* [DATA BLOCK]
━━━━━━━━

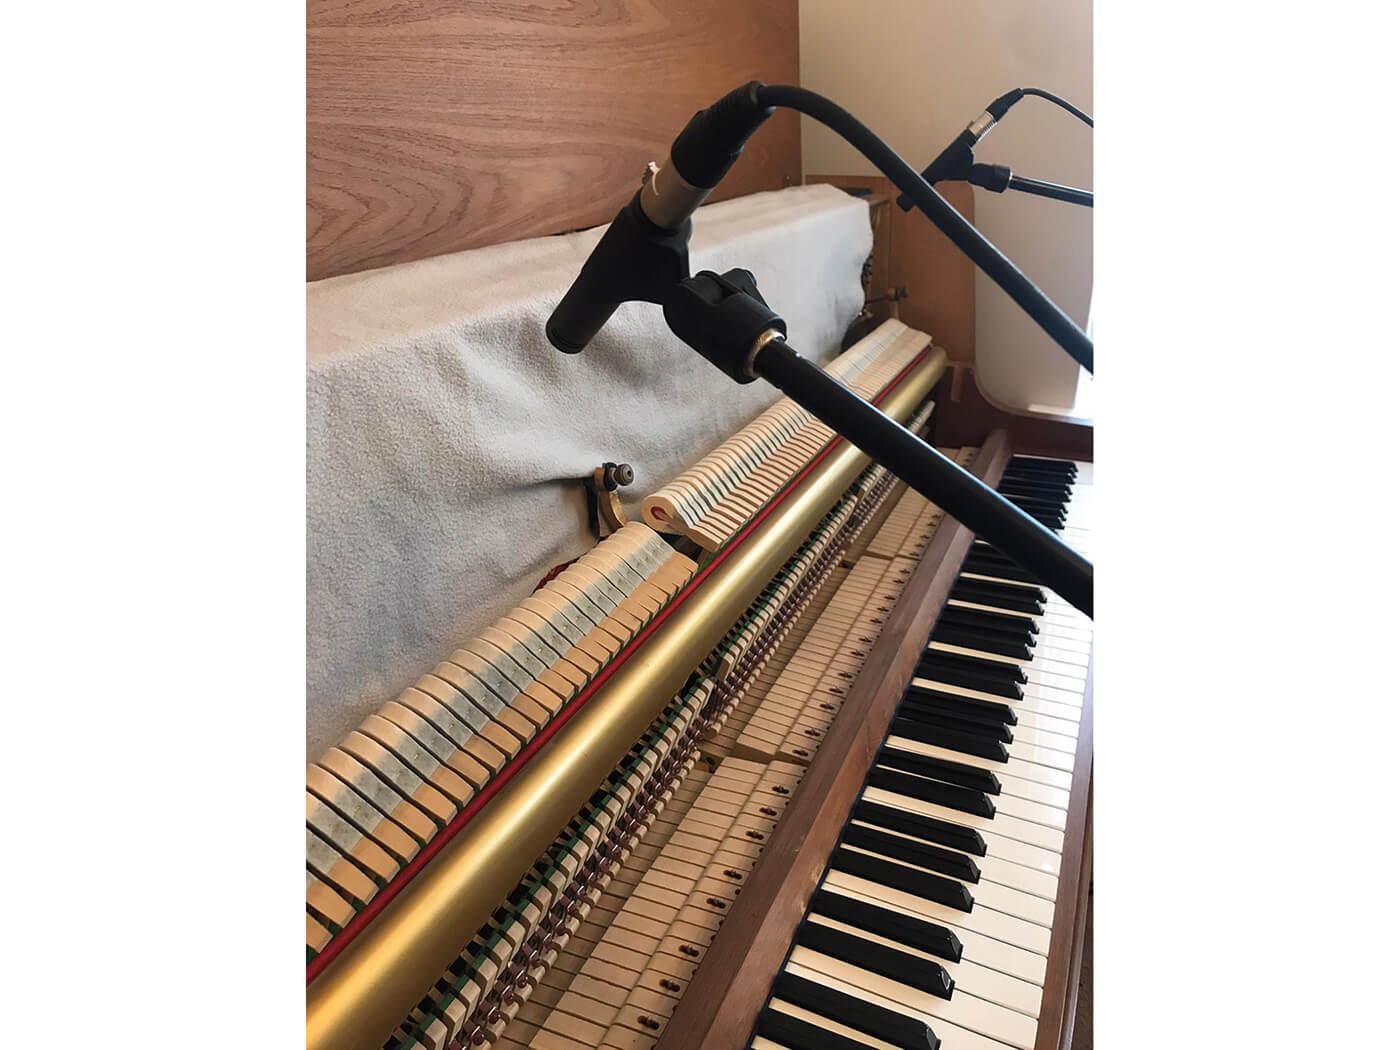 How to use felt pianos - Tutorial Step 5
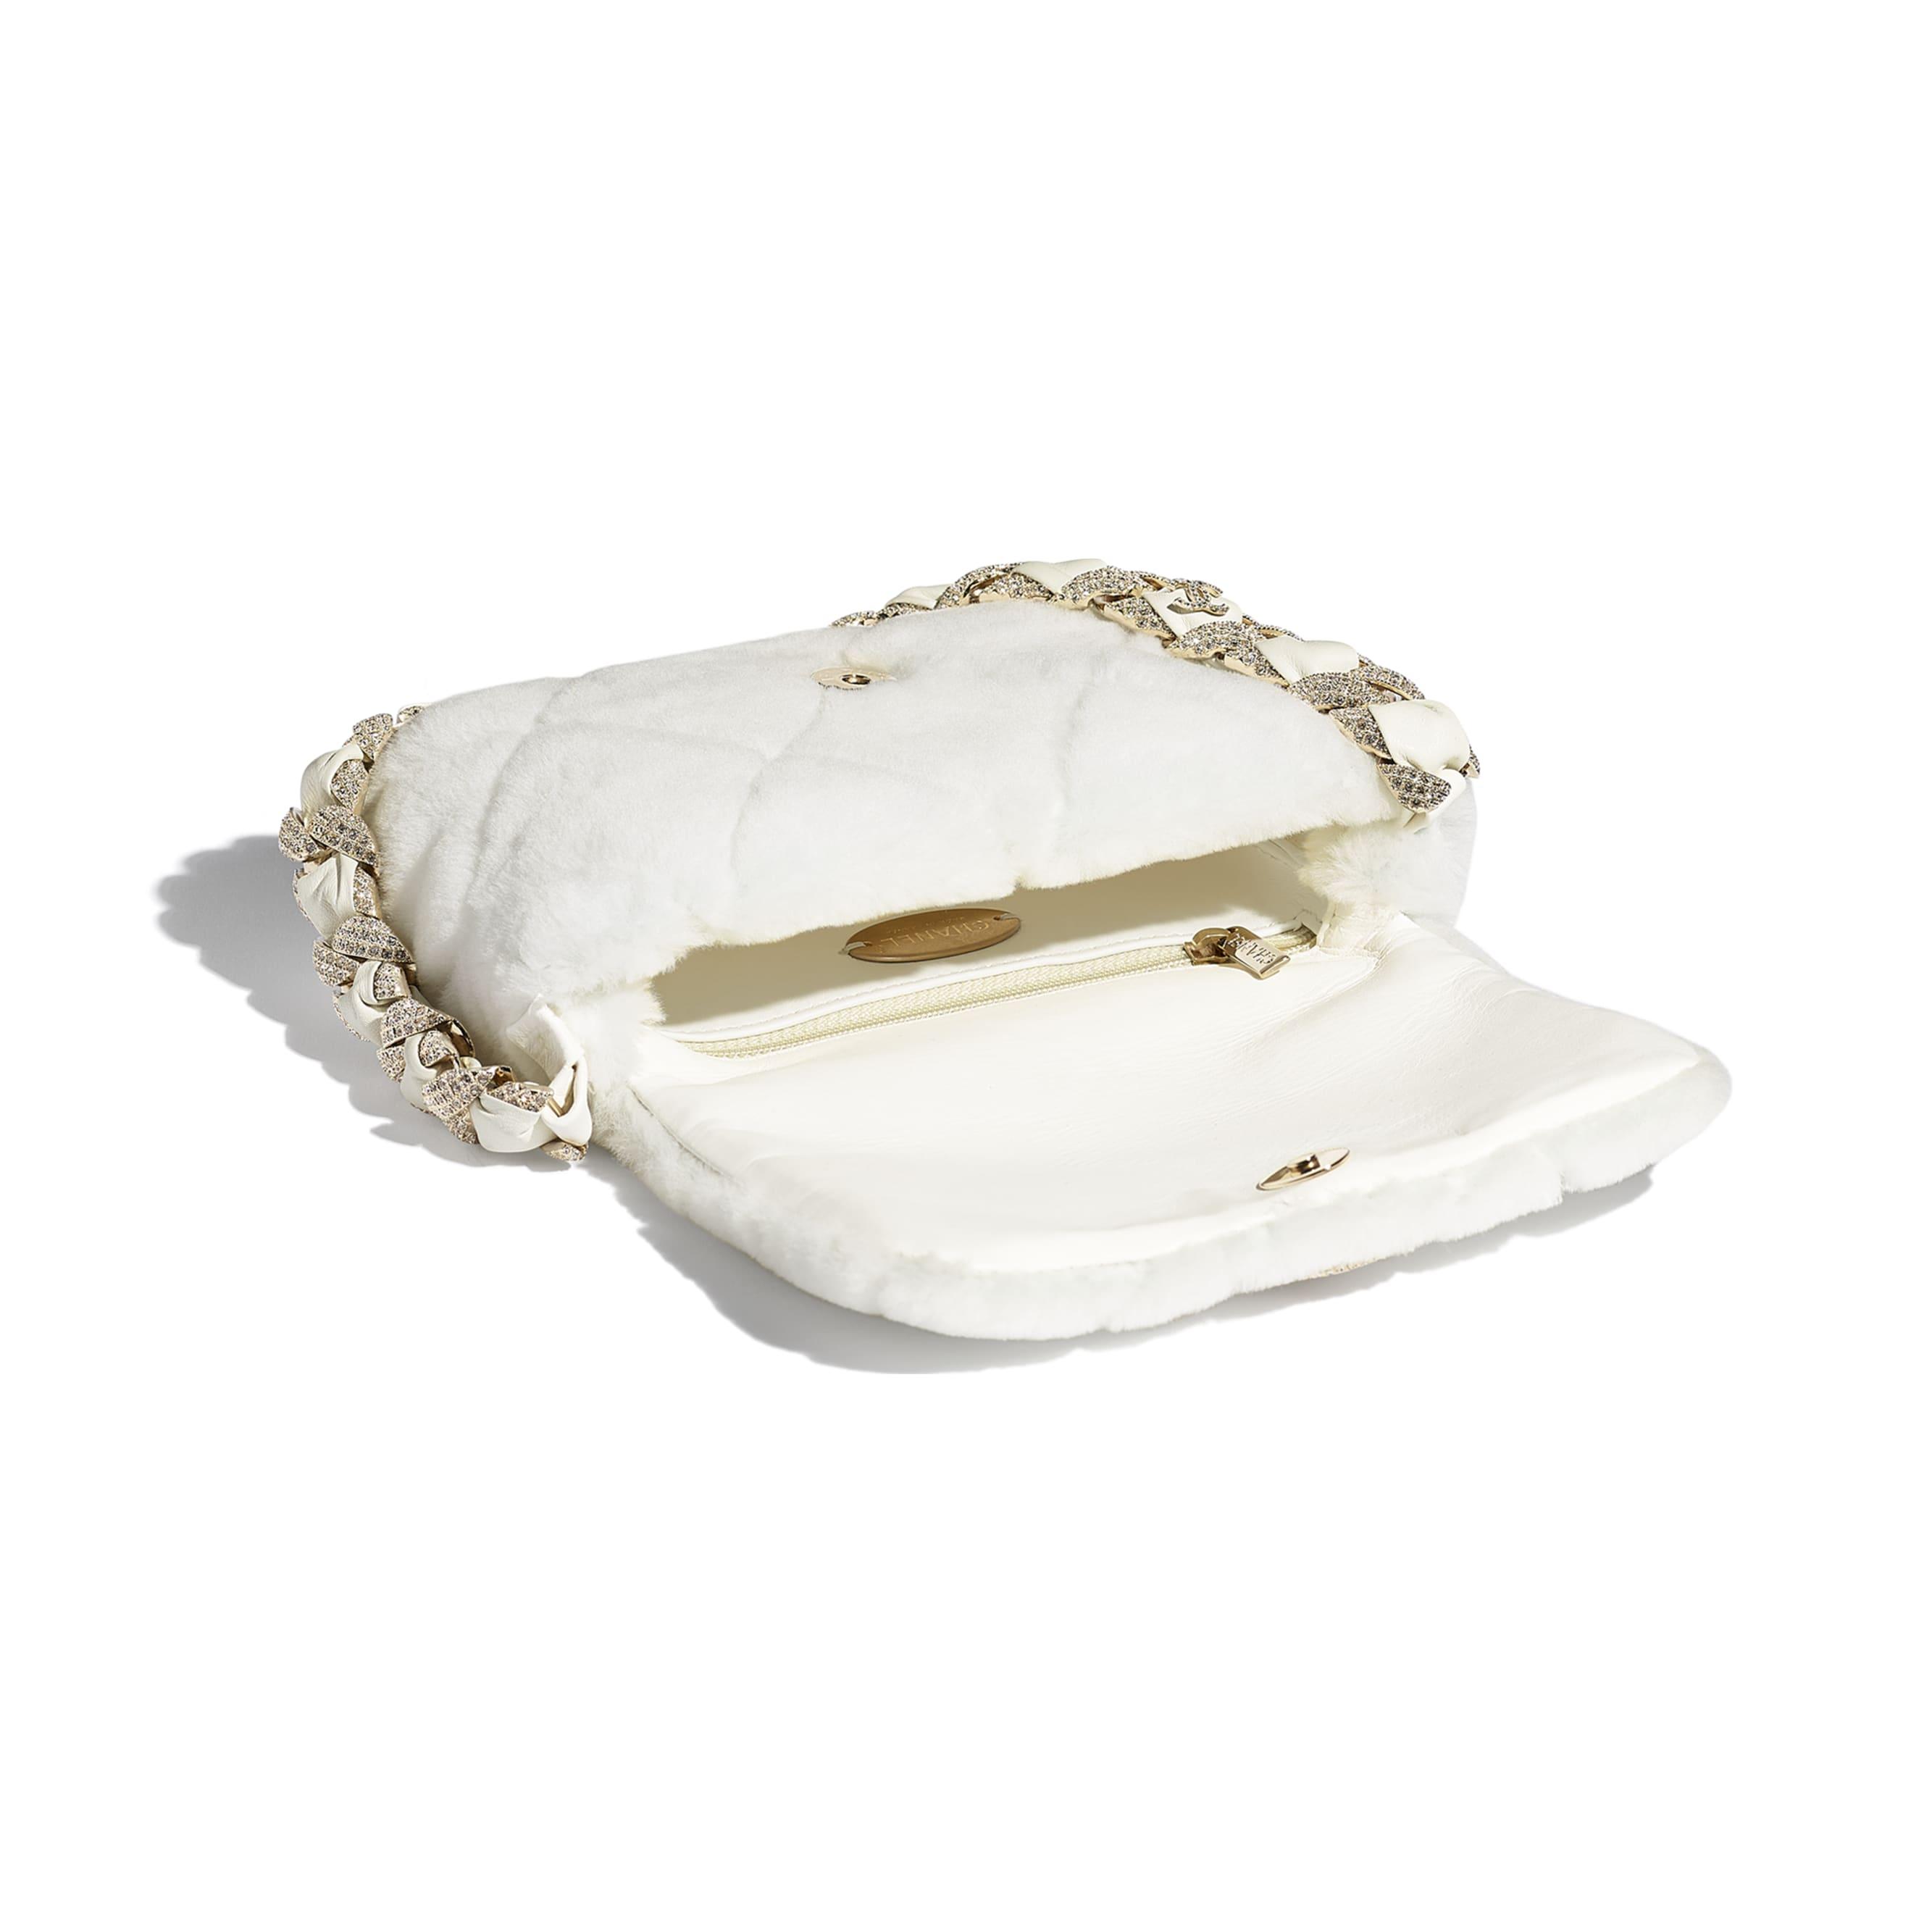 垂蓋手袋 - 白色 - 雙面剪羊毛、水晶及金色金屬 - CHANEL - 其他視圖 - 查看標準尺寸版本
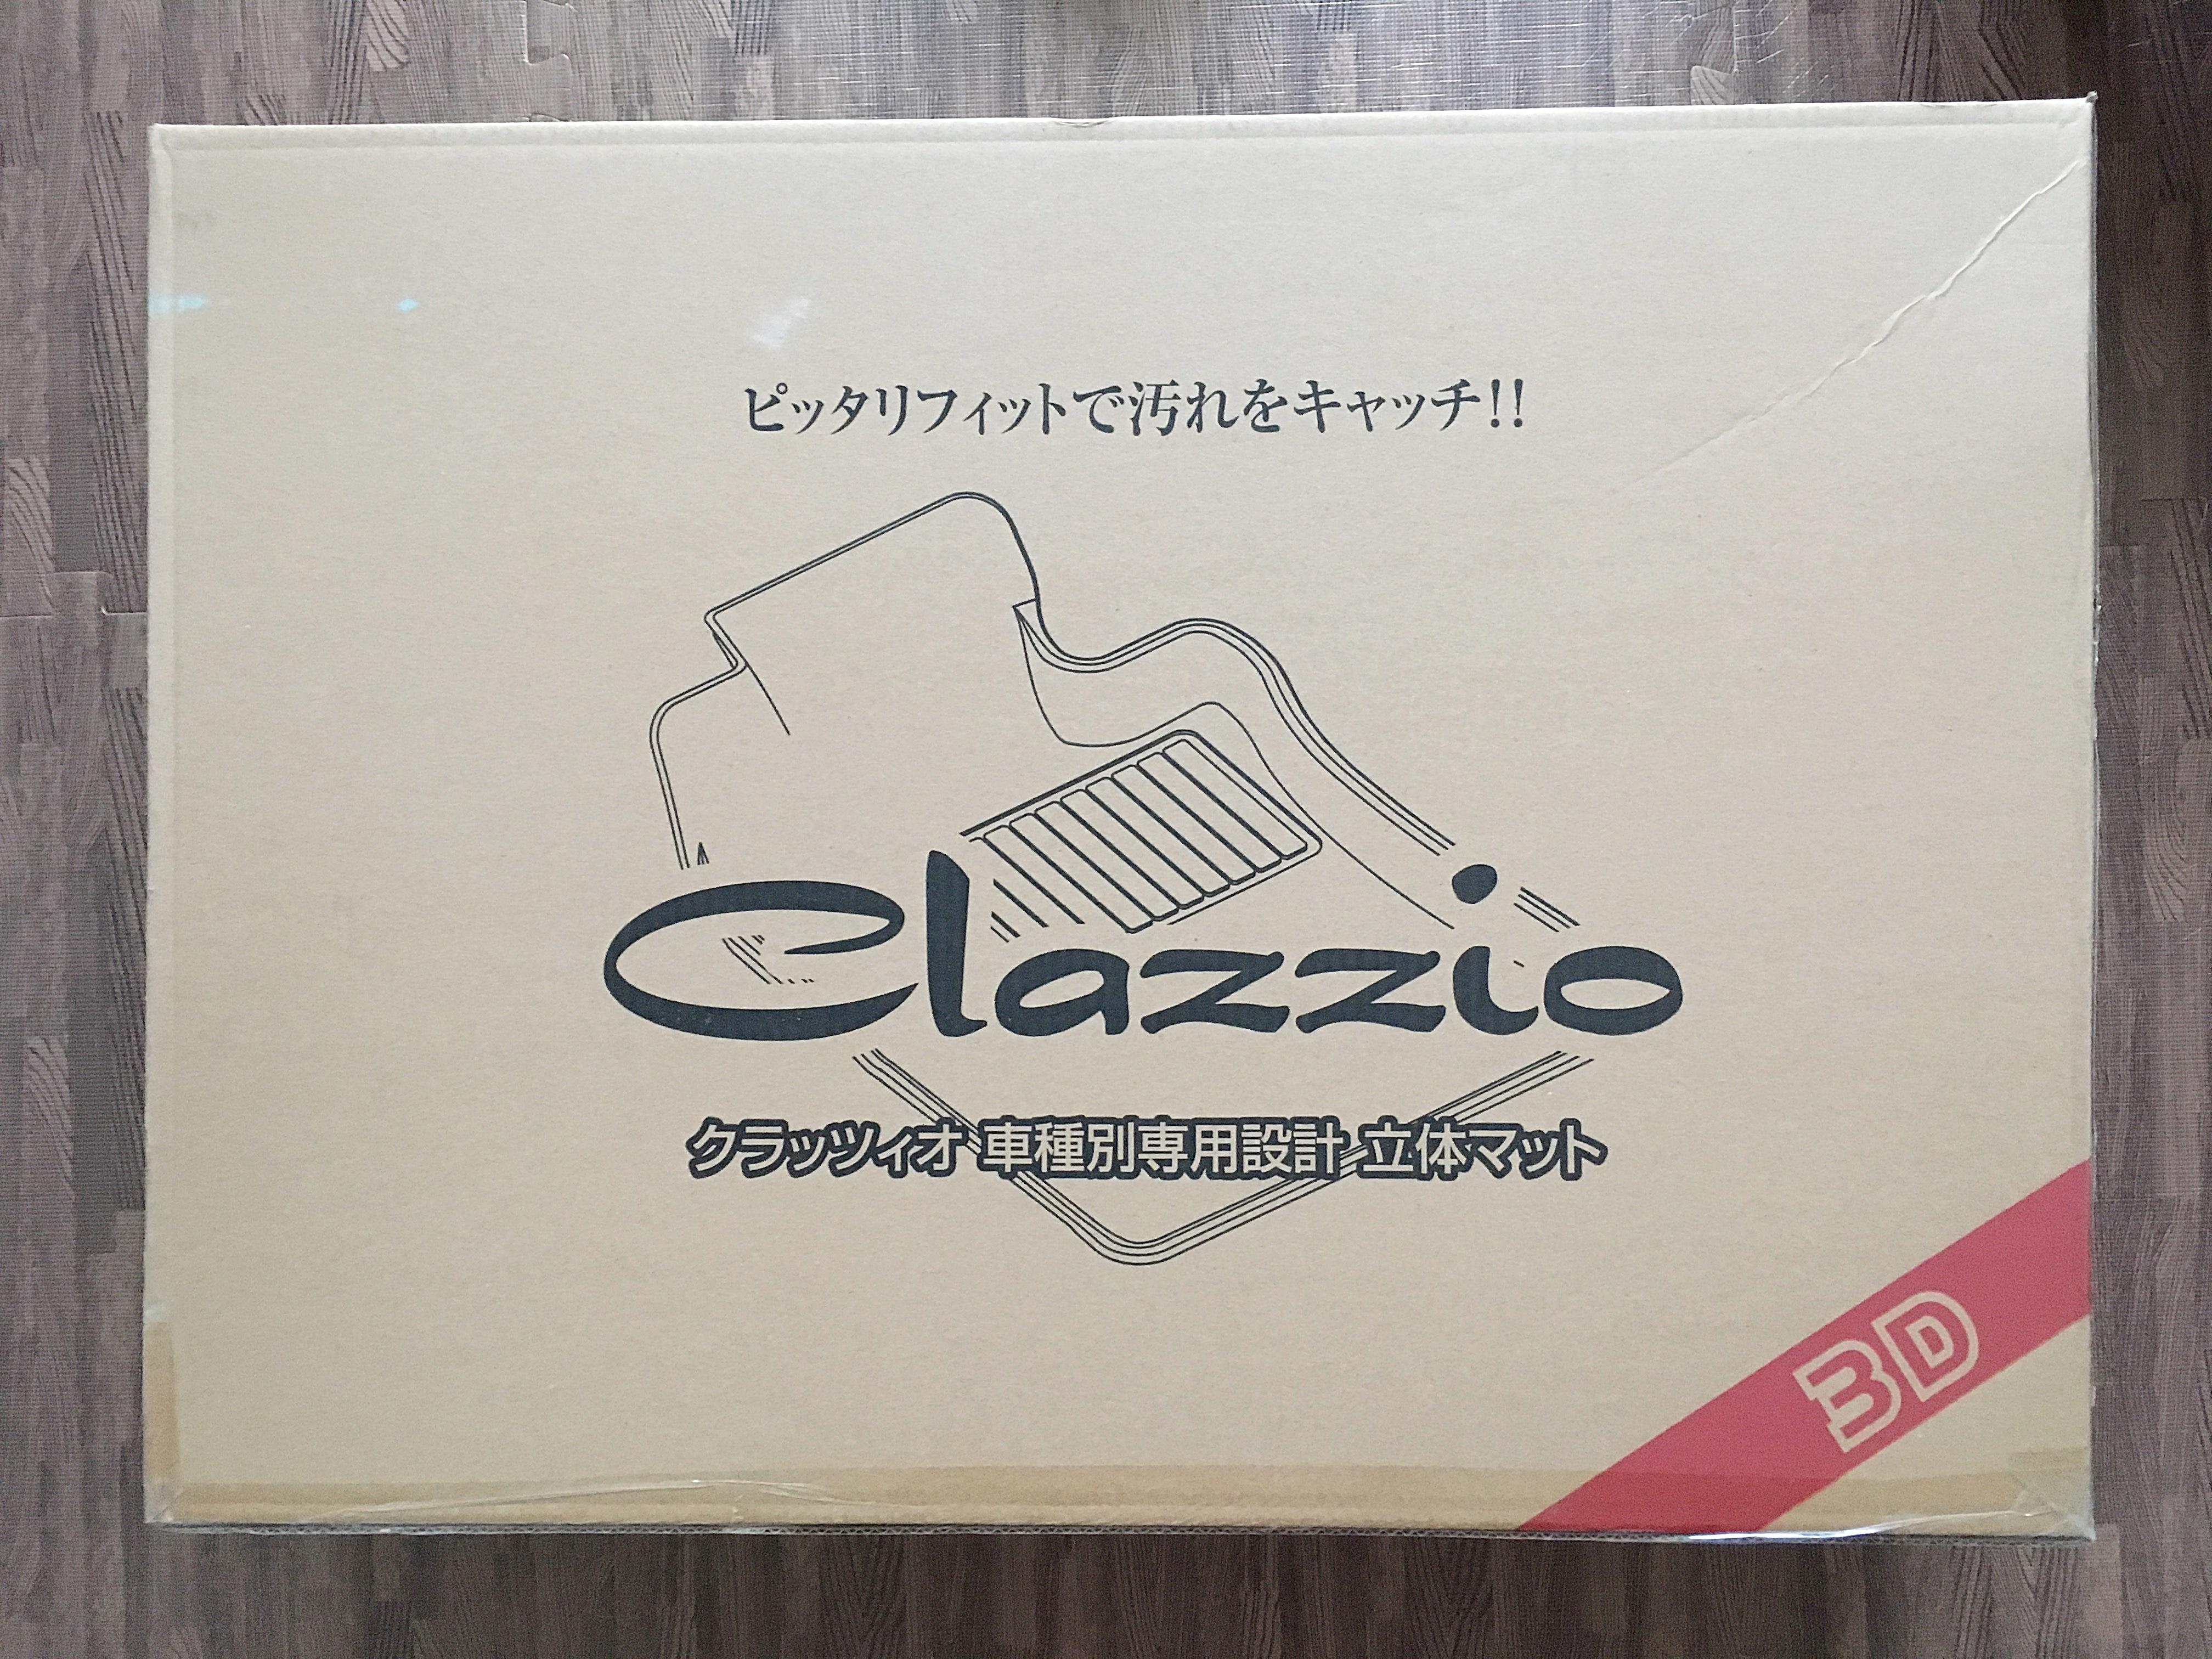 クラッツィオ VOXY専用 立体マット ラバータイプ ブラック 外箱.JPG

━━━━━━━━

* [HOW TO COMPLETE THIS TASK] Restate the material above exactly. Exclude all pictures.

* [EXERCISE SOLUTION]
 How to use felt pianos - Tutorial Step 5
 垂蓋手袋 - 白色 - 雙面剪羊毛、水晶及金色金屬 - CHANEL - 其他視圖 - 查看標準尺寸版本
 クラッツィオ VOXY専用 立体マット ラバータイプ ブラック 外箱.JPG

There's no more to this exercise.